Description of the task: Across the whole listing, return each line exactly, with no images included.

Data:
________________________________________

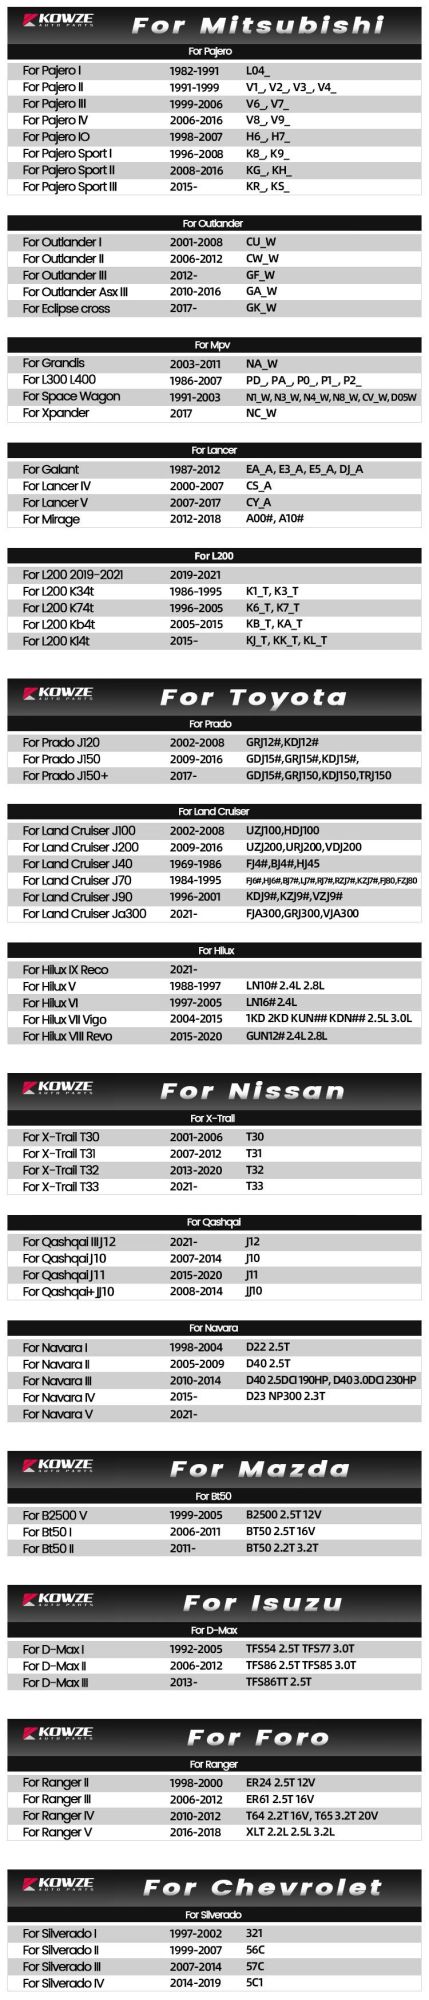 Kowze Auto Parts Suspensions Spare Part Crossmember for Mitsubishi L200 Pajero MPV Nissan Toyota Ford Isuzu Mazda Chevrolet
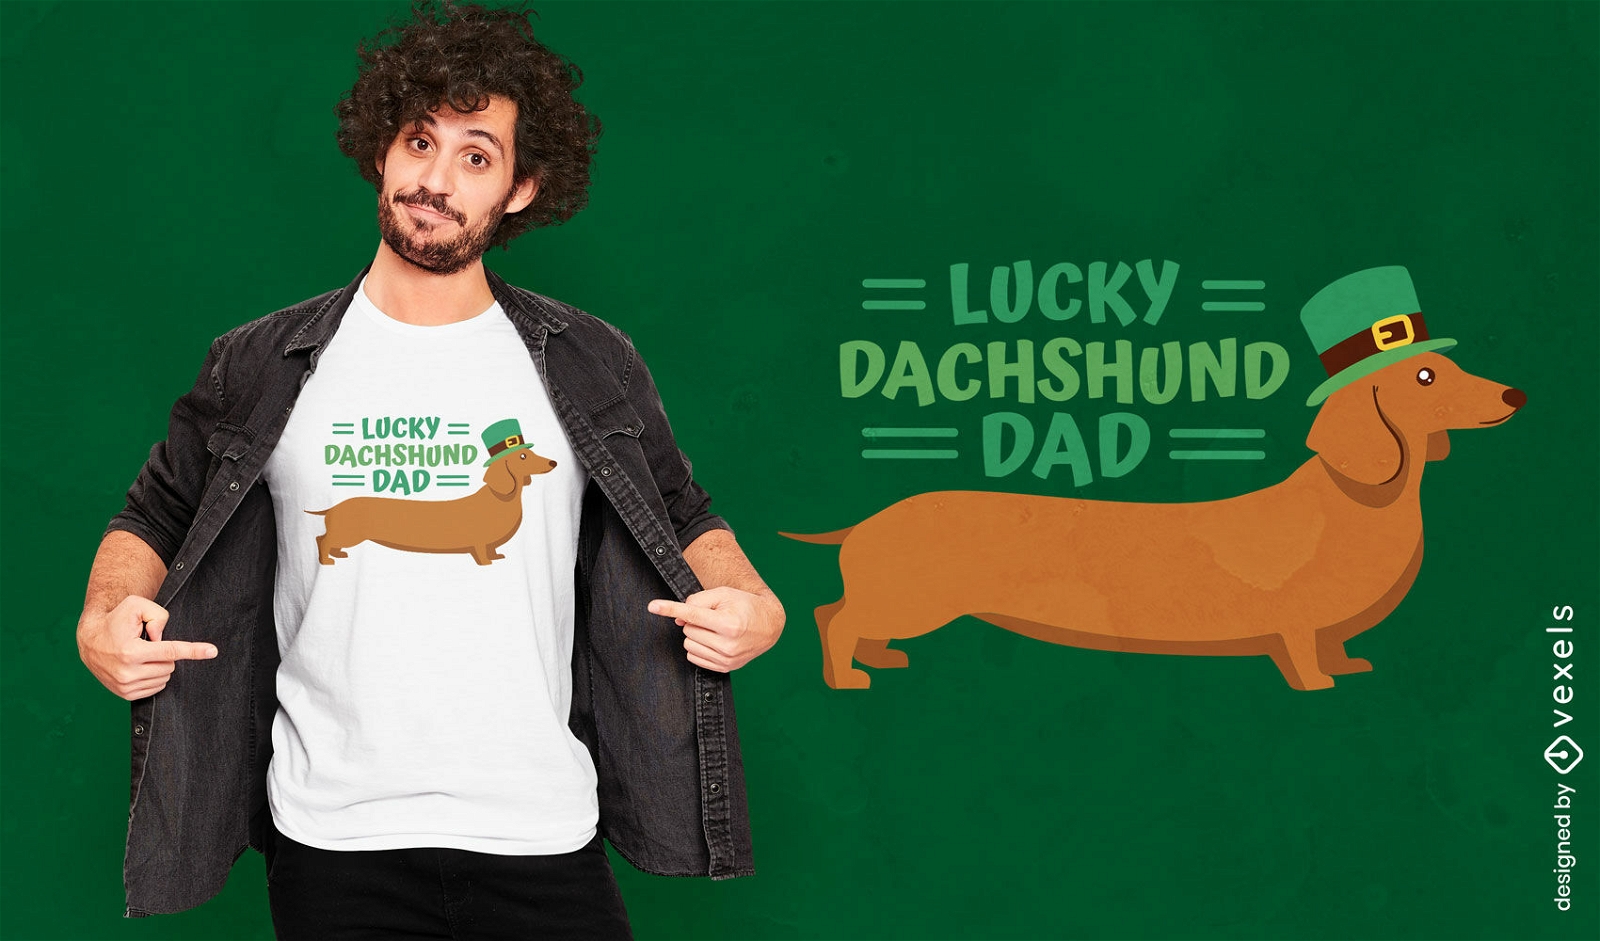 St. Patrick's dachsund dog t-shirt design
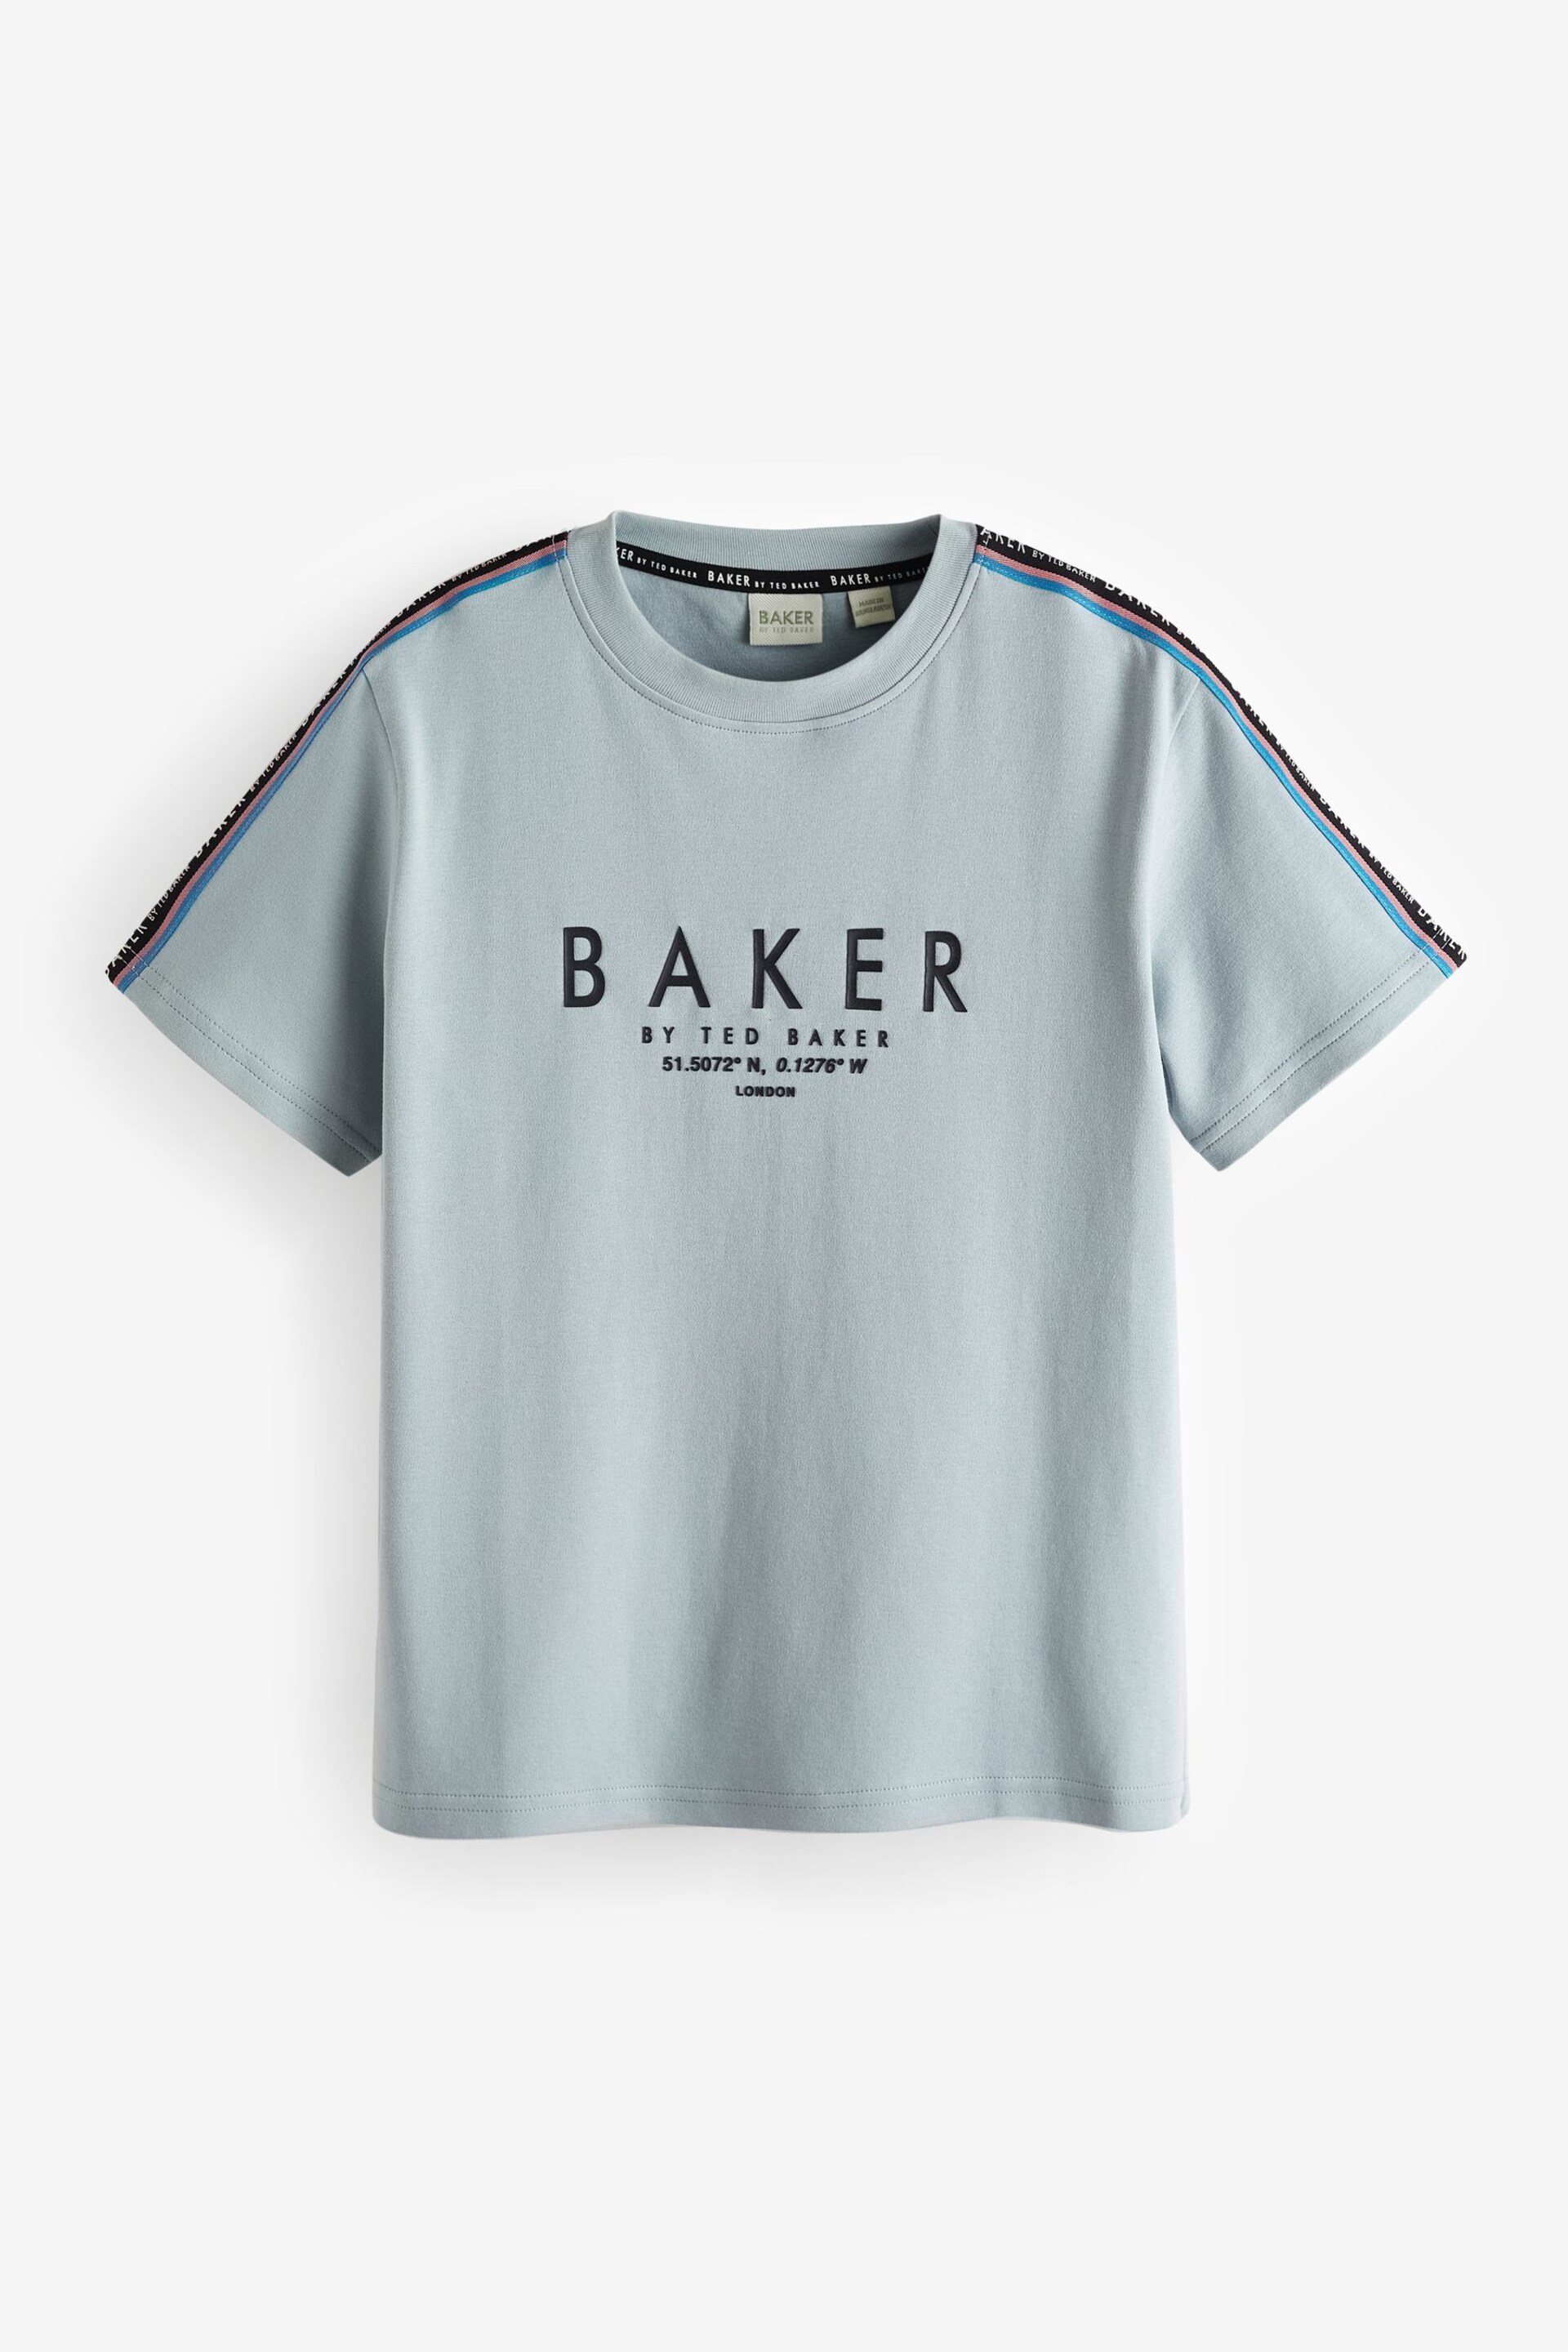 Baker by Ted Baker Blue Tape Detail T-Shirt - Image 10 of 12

________________________________________

The answer:
 Kowze Auto Parts Suspensions Spare Part Crossmember for Mitsubishi L200 Pajero MPV Nissan Toyota Ford Isuzu Mazda Chevrolet
 St. Patrick's dachsund dog t-shirt design
 Baker by Ted Baker Blue Tape Detail T-Shirt - Image 10 of 12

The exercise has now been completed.